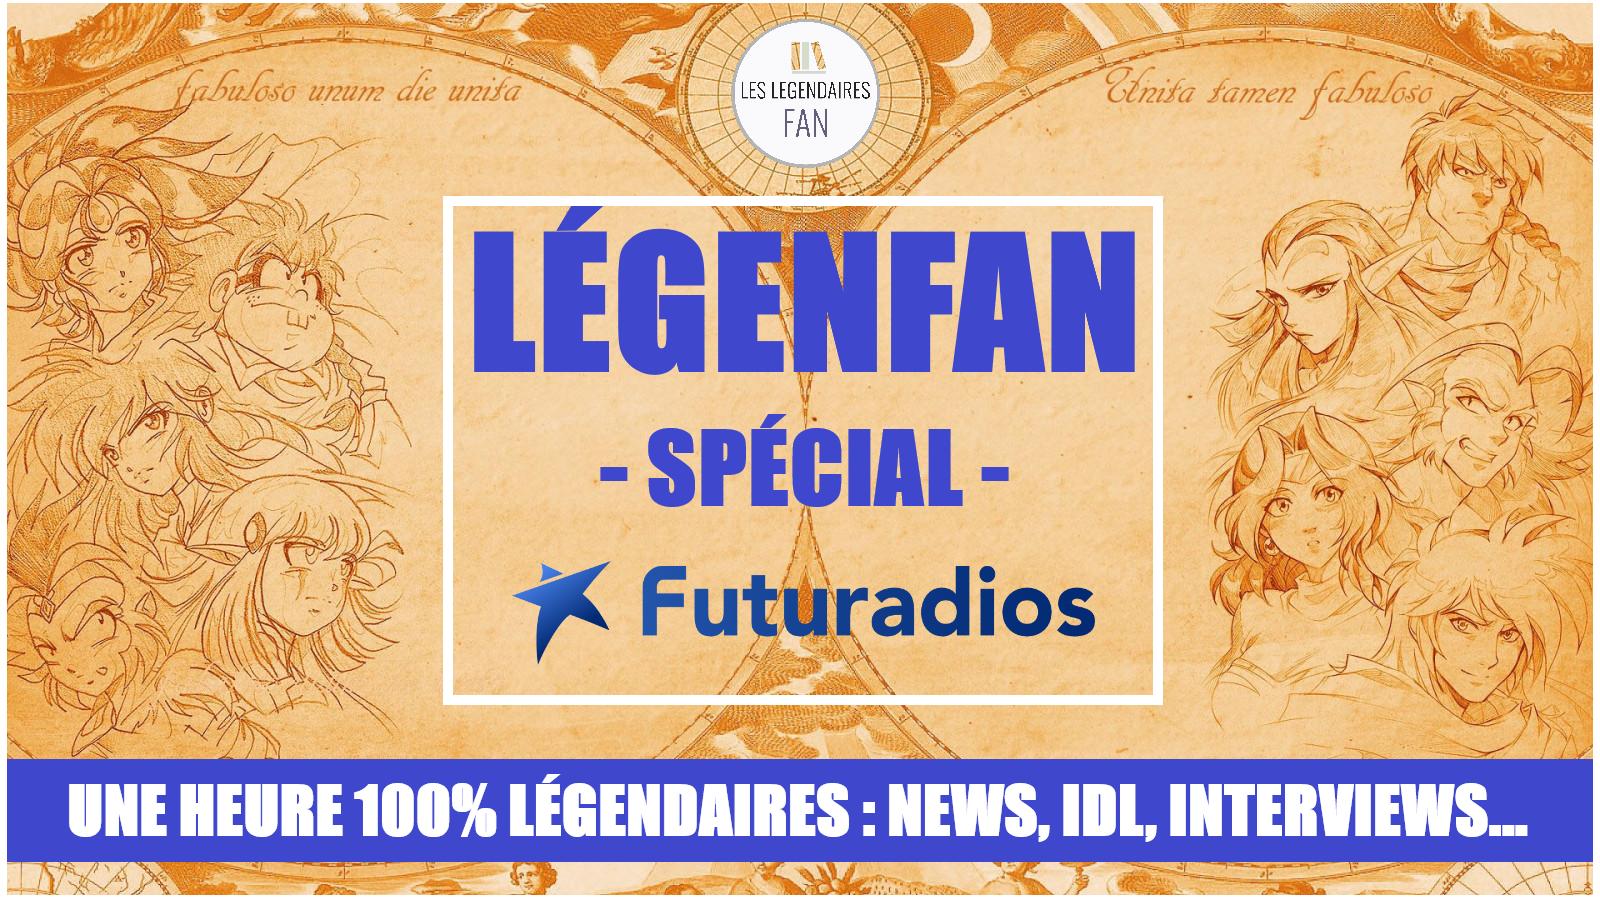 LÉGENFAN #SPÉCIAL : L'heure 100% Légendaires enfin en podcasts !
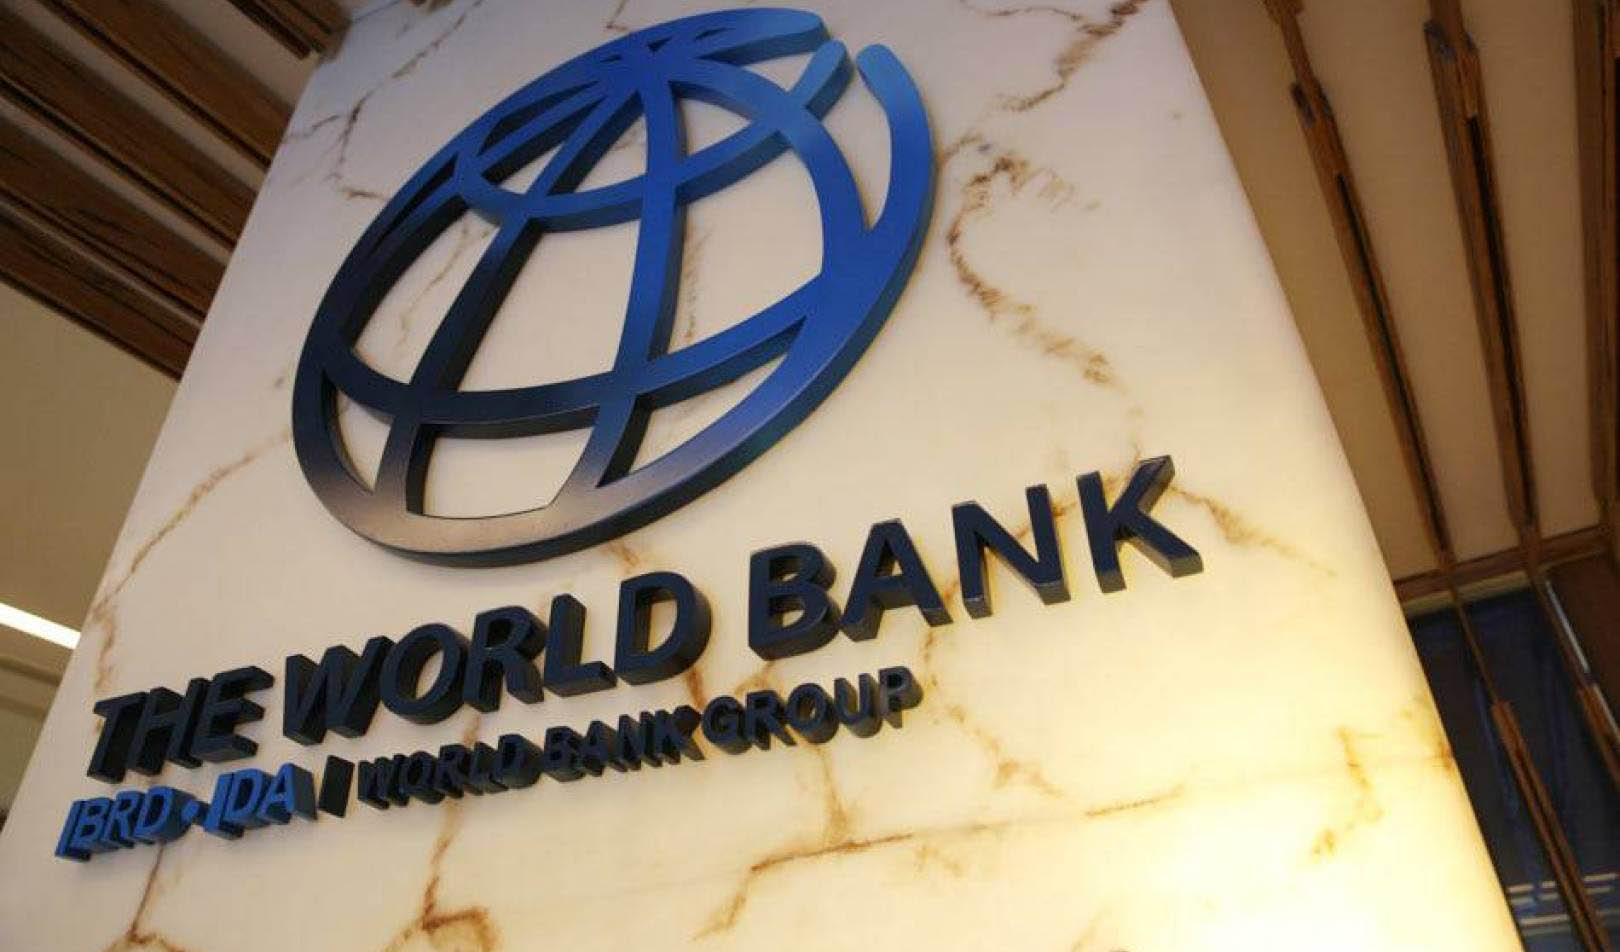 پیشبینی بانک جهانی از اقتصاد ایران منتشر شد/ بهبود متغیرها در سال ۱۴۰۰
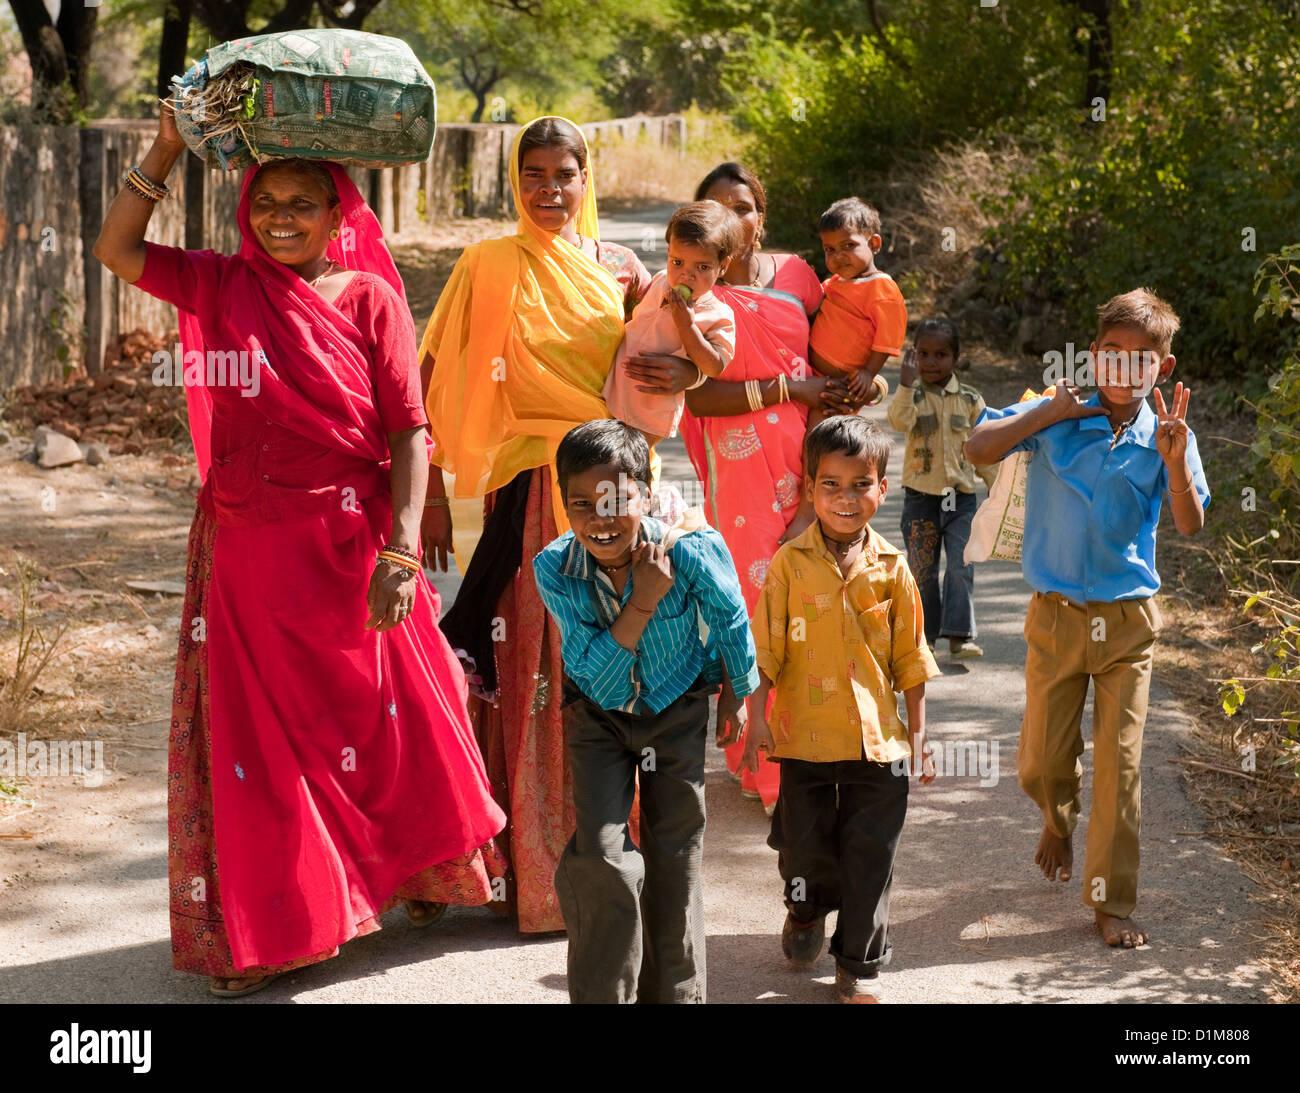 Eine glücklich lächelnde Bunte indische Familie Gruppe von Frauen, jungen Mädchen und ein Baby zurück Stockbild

* * *

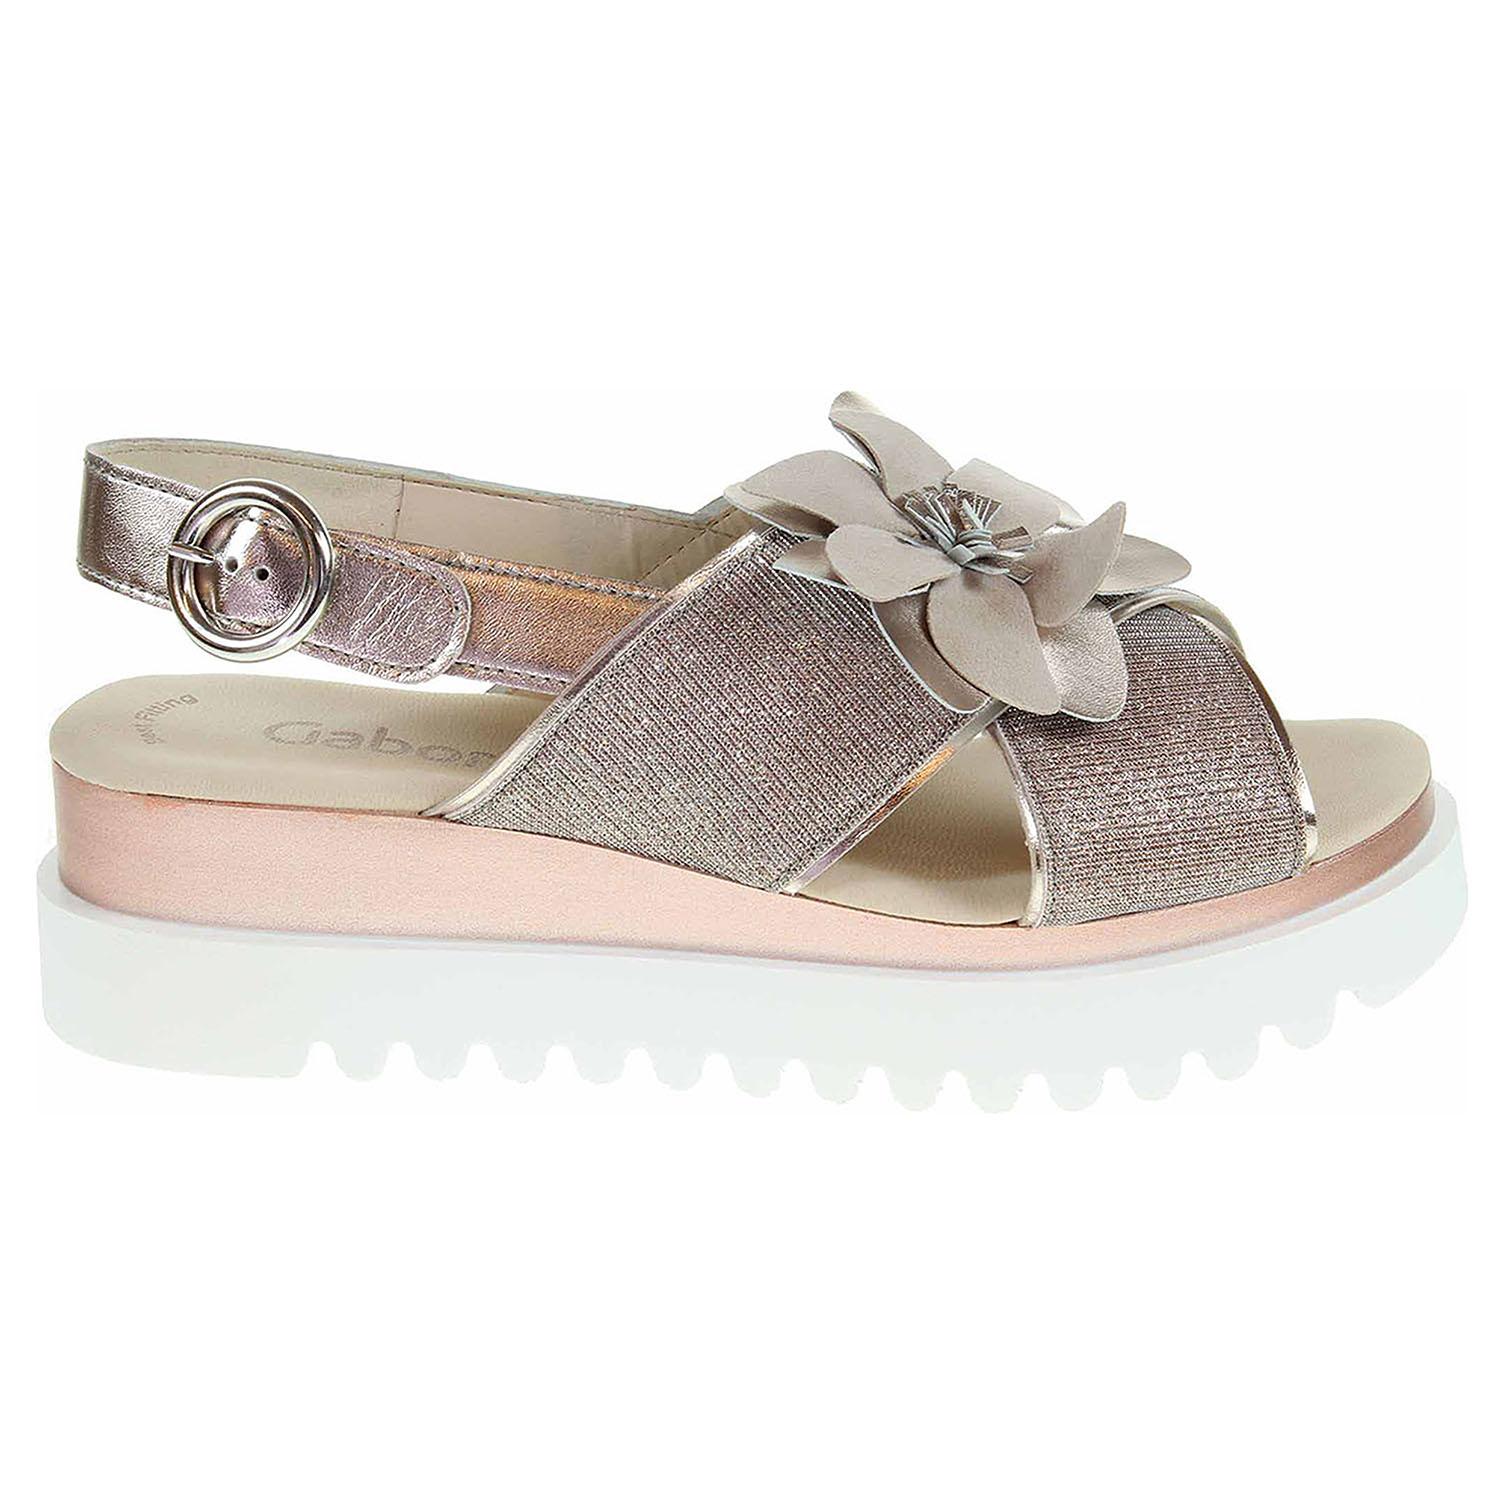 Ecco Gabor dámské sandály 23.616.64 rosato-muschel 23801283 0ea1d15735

**The task**
Only one stretch of the listing is wanted: the lines starting at the one with "LÉGENFAN #SPÉCIAL : L'heure" and ending at the one with "Eine glücklich lächelnde", copied exactly and free of pictures.

**Solution to this task**
 LÉGENFAN #SPÉCIAL : L'heure 100% Légendaires enfin en podcasts !
 پیشبینی بانک جهانی از اقتصاد ایران منتشر شد/ بهبود متغیرها در سال ۱۴۰۰
 Eine glücklich lächelnde Bunte indische Familie Gruppe von Frauen, jungen Mädchen und ein Baby zurück Stockbild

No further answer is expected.